Isère le 03 juillet 2015 - Caroline thermoz-liaudy - Avocats - article lu 2036 fois

Me Samba-Sambeligue : « Je ne veux pas que les avocats soient à côté de la société »
Me Samba-Sambeligue élu bâtonnier du barreau de Grenoble prendra ses fonction le 1er janvier

Elu le 16 juin dernier pour succéder à Me Arnaud Matthieu pour l'exercice 2016-2017, Me Wilfried Samba-Sambeligue prendra ses fonctions à la tête du barreau de Grenoble le 1er janvier prochain. Entretien.

Quelles seront vos priorités pour ce mandat ?

On a une problématique qui se pose aujourd’hui qui concerne la loi dite Macron. Sans que ce soit une difficulté c’est une problématique à laquelle les différents barreaux doivent répondre. Nous devrons trouver la solution commune la plus efficace possible. Nous devrons donc nous montrer inventifs et forts de propositions, pour être en capacité de dépasser ce qui nous sépare. Nous ne pouvons pas faire l’impasse sur le fait de trouver un dénominateur commun sur ce sujet. Et puis plus proche de nous, je souhaite remettre le barreau de Grenoble au cœur de la cité, pour qu’il soit un acteur de la société en tant que tel. C’est un challenge pour moi car les avocats ne doivent pas être pris pour des personnes qui n’interviennent que lorsqu’il y a un procès. J’ai toujours dit que le propre de l’avocat c’est d’abord d’être un conseil avant d’être un plaideur.
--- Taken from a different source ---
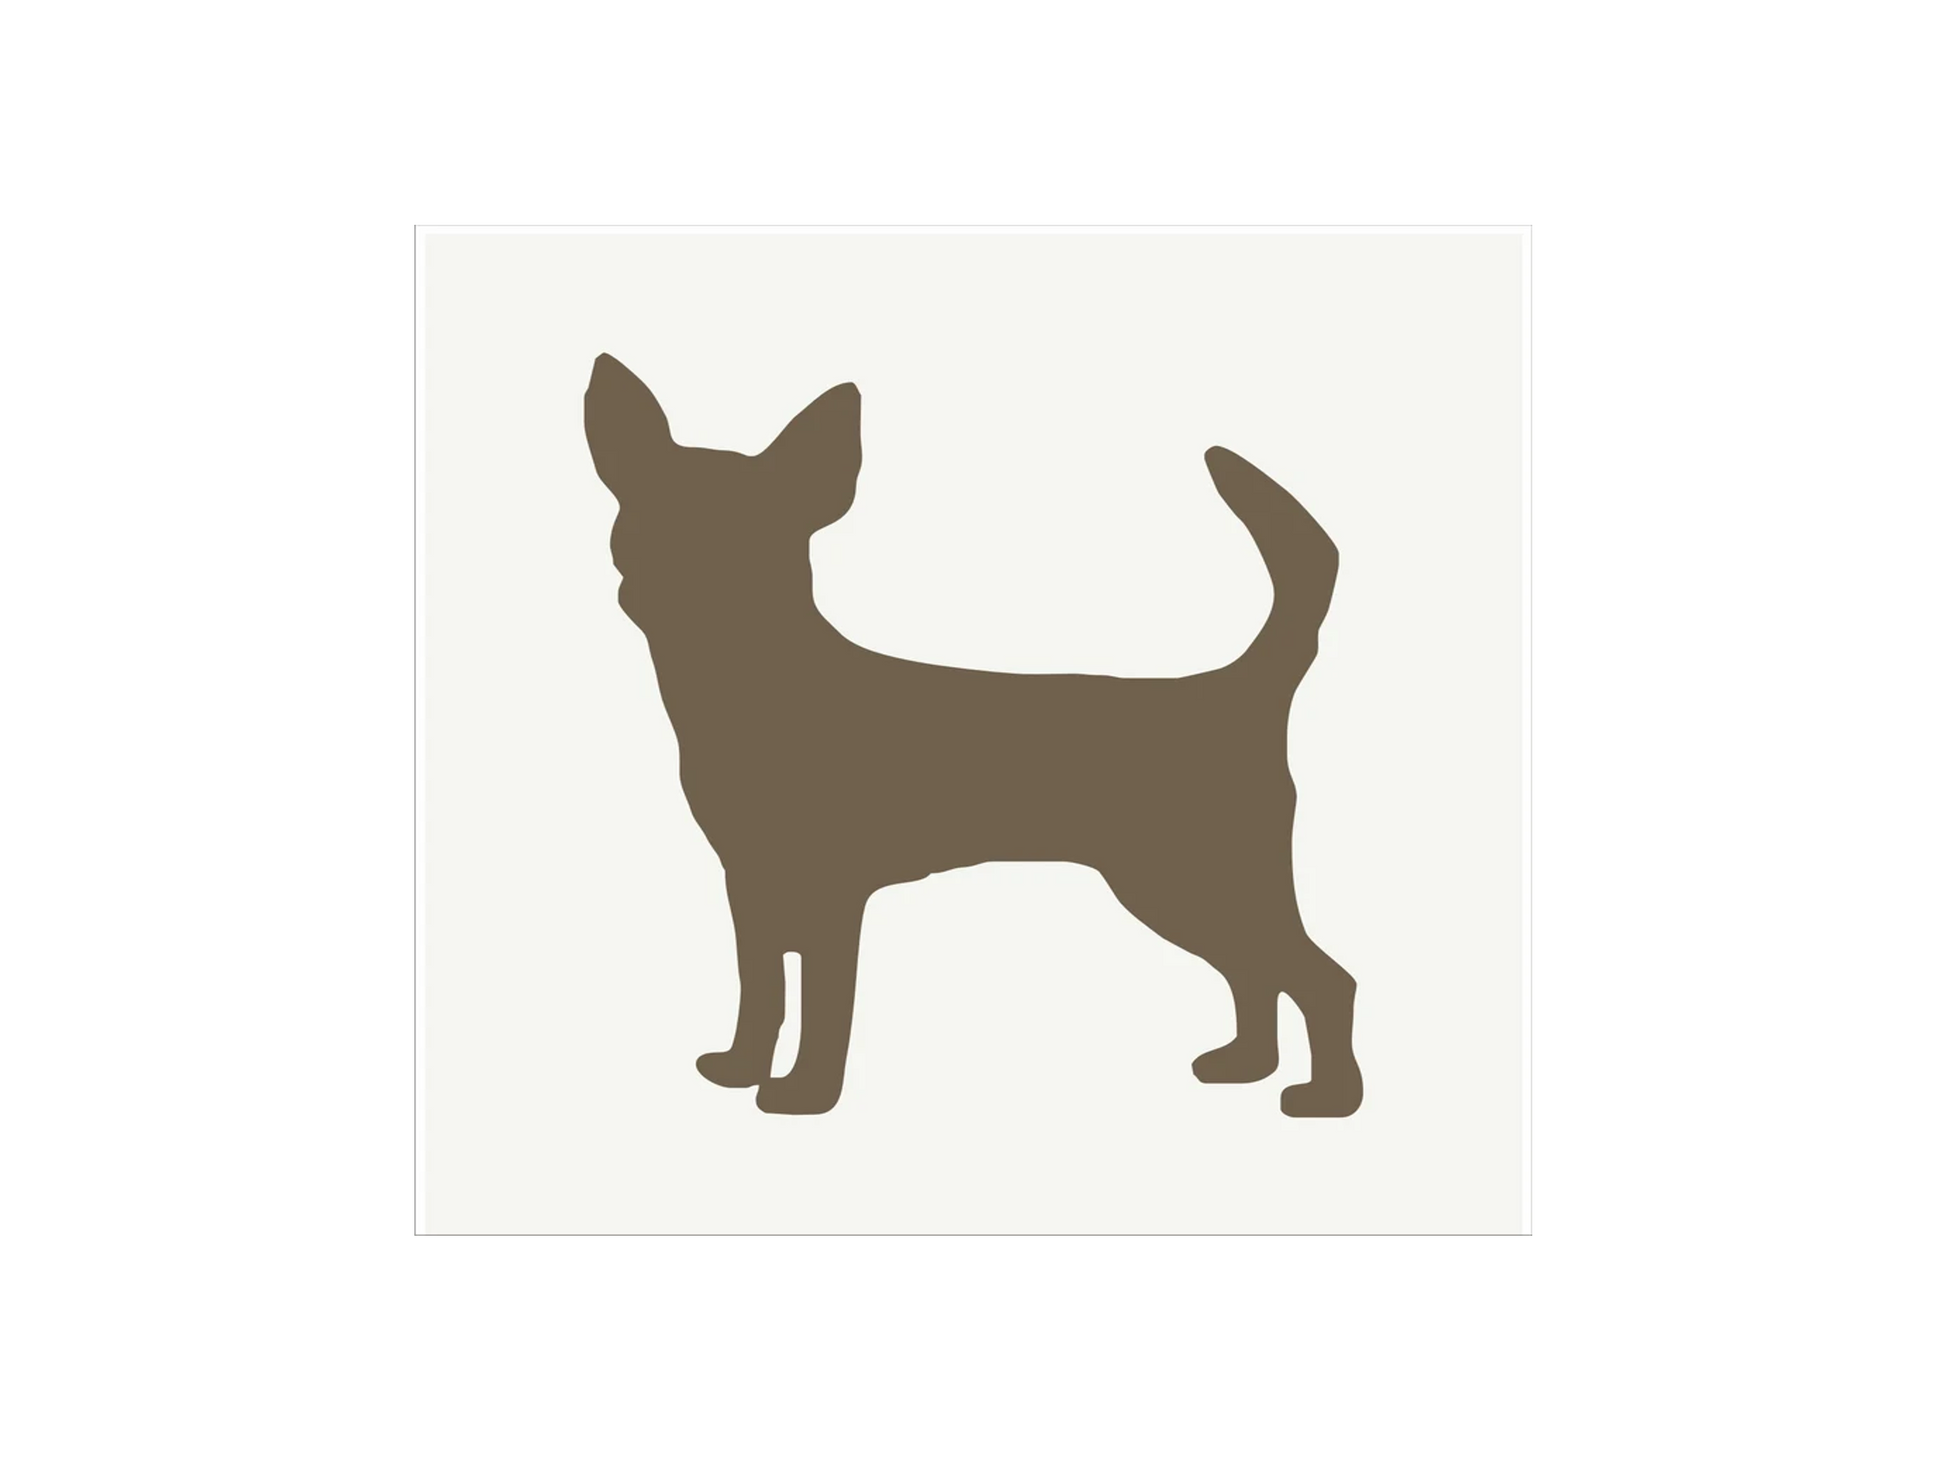 Chihuahua Dog Stencil - Large, 12.5" x 12.5" - Superior Stencils

Nous devrons travailler cela avec les entreprises et avec la société civile. Je ne veux pas que les avocats soient à côté de la société. Le droit prend une place de plus en plus importante. L’avocat est donc au cœur que se soit sur les questions de droit pénal, de droit social, de droit des affaires…Il ne peut pas regarder tout cela de loin.

Pensez-vous vous inscrire dans la continuité des mandats précédents ?
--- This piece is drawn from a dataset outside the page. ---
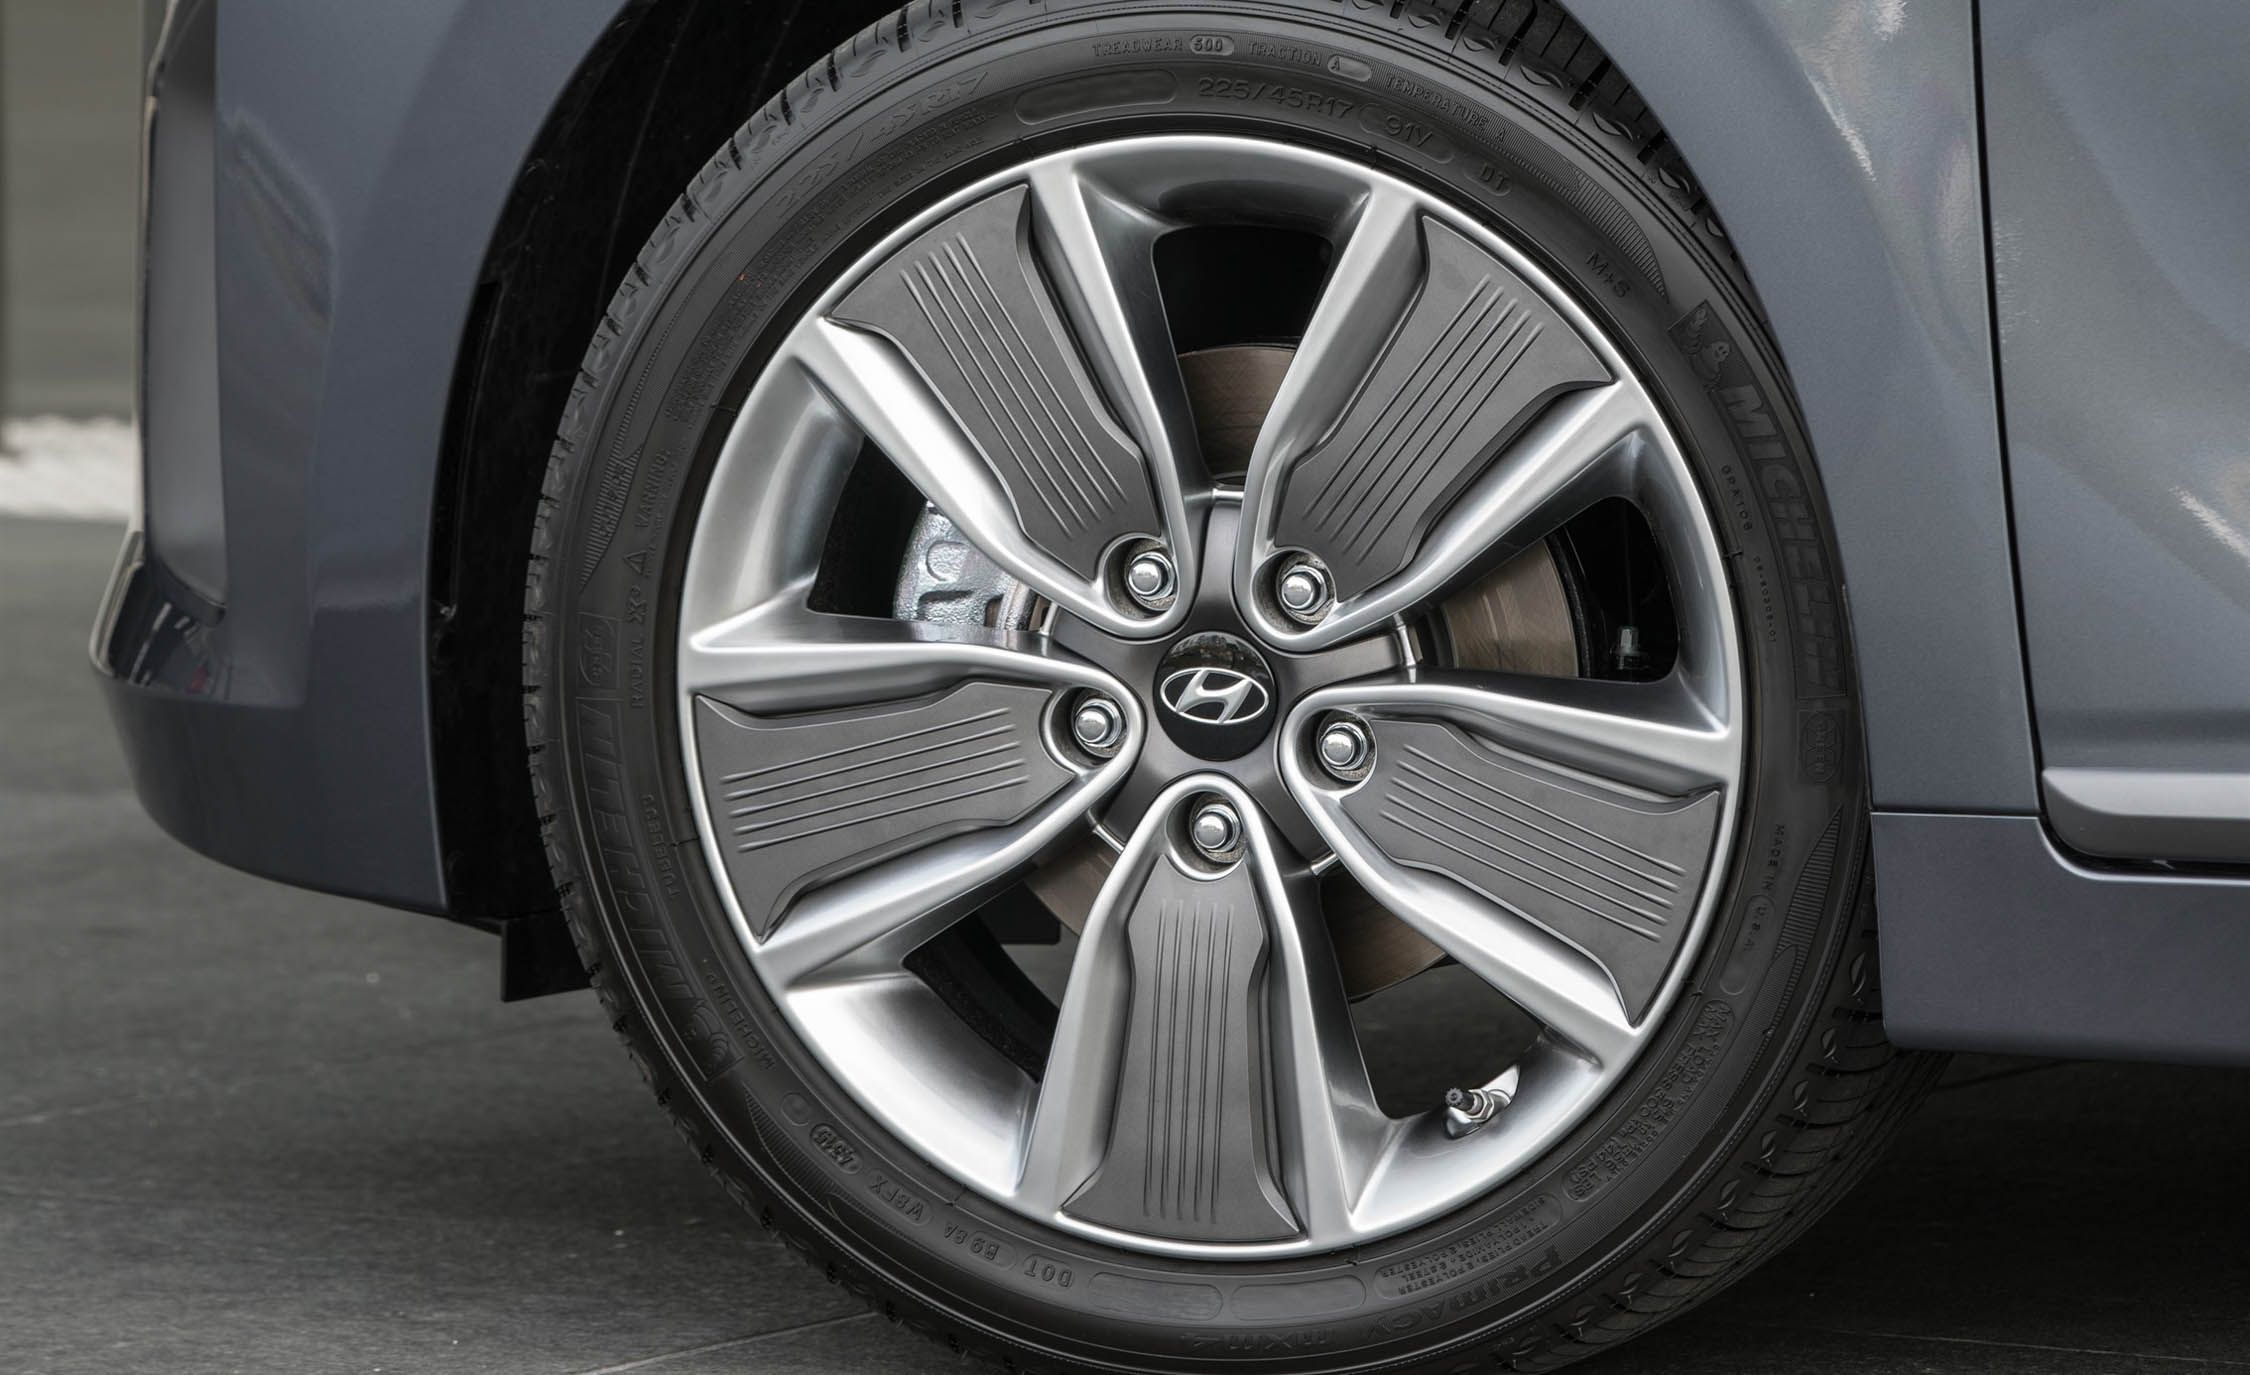 2017 Hyundai Ioniq Hybrid Exterior View Wheel Trim (View 24 of 67)

On s’inscrit forcément dans la continuité des prédécesseurs et pas forcément du bâtonnier sortant. Les bâtonniers successifs ont marqué selon leurs sensibilités un certain nombre d’actes et on doit s’inscrire dans le prolongement de tout cela en regardant ce qui a marché, ce qui a moins bien marché. Il s’agira d’améliorer  ce qu’on n’a pas suffisamment fait et de perpétuer ce qui fonctionne.

Quel regard portez-vous sur le barreau de Grenoble ?

Il est reconnu pour être relativement jeune : 60 à 70% de nos confrères ont moins de 20 ans de barre. Son dynamisme est certain, et il faut être moteur de cela. Le rôle du bâtonnier c’est d’être en capacité de fédérer cette volonté de faire des choses. Ce dynamisme là on pourra l’inculquer, et je compte sur mes confrères, sur mon conseil de l’ordre… Ensemble on pourra être encore plus dynamique que le barreau ne l’est déjà. 

Me Matthieu, l’actuel bâtonnier est très apprécié par le barreau de Grenoble, est-ce que ça vous met une pression supplémentaire ?


Non, absolument pas. Je ne m’inscris pas en concurrence avec lui puisque nous nous connaissons bien, et que je pense pouvoir compter amplement sur lui. Nous avons déjà commencé à travailler ensemble. Je pense aussi avoir une grande confiance de la part de mes confrères, et c’est aussi un clin d’œil qu’ils m’aient élu à sa succession.

Quel souvenir gardez-vous du moment de votre élection ?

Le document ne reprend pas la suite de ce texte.